Vers la sous-traitance

Sans jamais s’éloigner de la mécanique, il n’a ainsi jamais fait deux fois la même chose. Depuis qu’il a pris la responsabilité de l’atelier, il fait davantage de suivi de fabrication, mais il continue de concevoir des outils. Il a aussi été amené à contrôler régulièrement le travail de sous-traitance, auquel il est de plus en plus souvent fait appel. Les effectifs du bureau d’étude et de l’atelier se sont considérablement réduits, parallèlement au choix de privilégier la sous-traitance de conception. Une orientation dont Jacky Dupont n’est pas convaincu de la pertinence : « Nous passons beaucoup de temps à expliquer le projet, à tel point que nous faisons souvent un avant-projet pour être sûrs d’avoir ce qu’on désire. Sous-traiter la fabrication est plus simple, mais pas le montage ni les essais. » Les sous-traitants ne sont pas équipés pour tester les enceintes résistantes à la pression, ce qui a occasionné quelques moments d’angoisse à l’équipe de l’atelier.
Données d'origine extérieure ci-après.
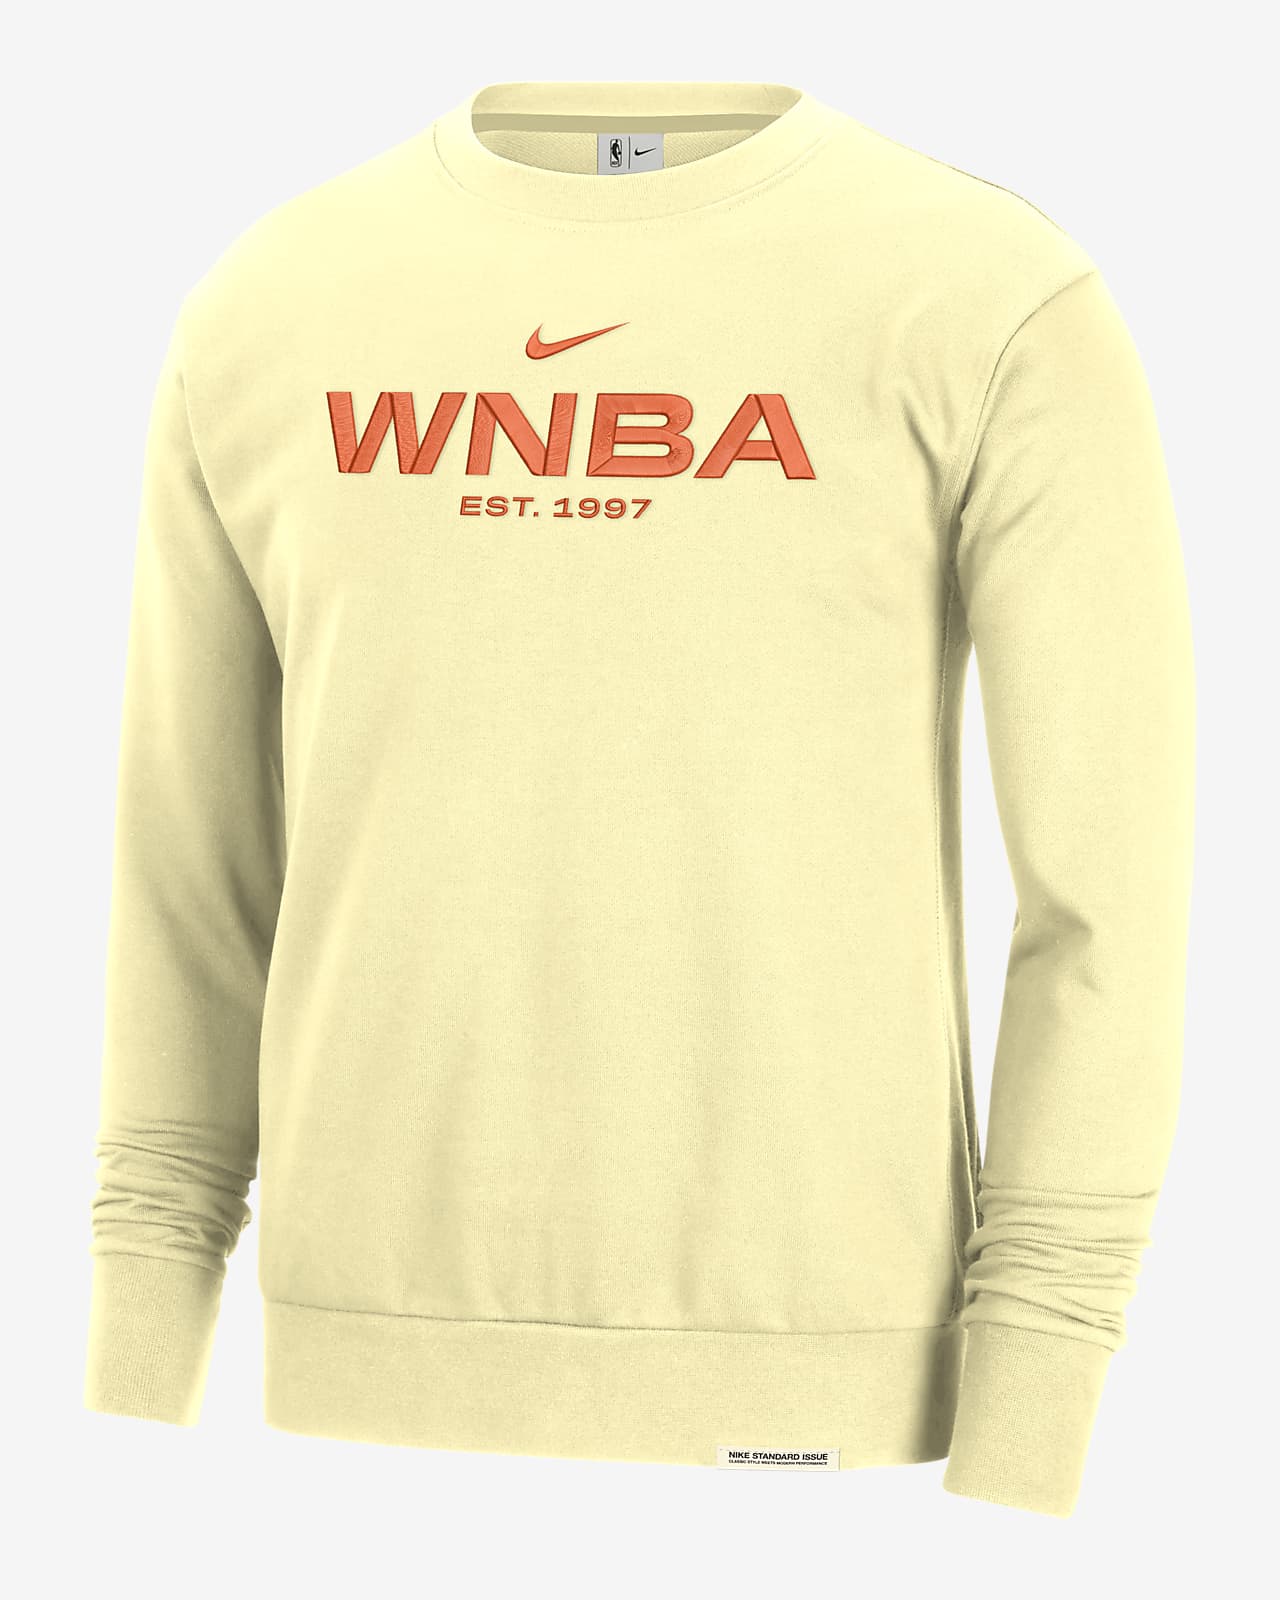 WNBA Standard Issue Nike Dri-FIT Basketball Crew-Neck Sweatshirt

Au cours d’un essai d’une enceinte en plexiglas en pression intérieure, les mécaniciens se sont prudemment rabattus dans une autre pièce. Cette enceinte n’inspirait pas confiance… Ils ont arrêté l’expérience, constatant une déformation importante, symptôme d’une erreur de calcul. « On a quand même un nez qui fonctionne », conclut Jacky.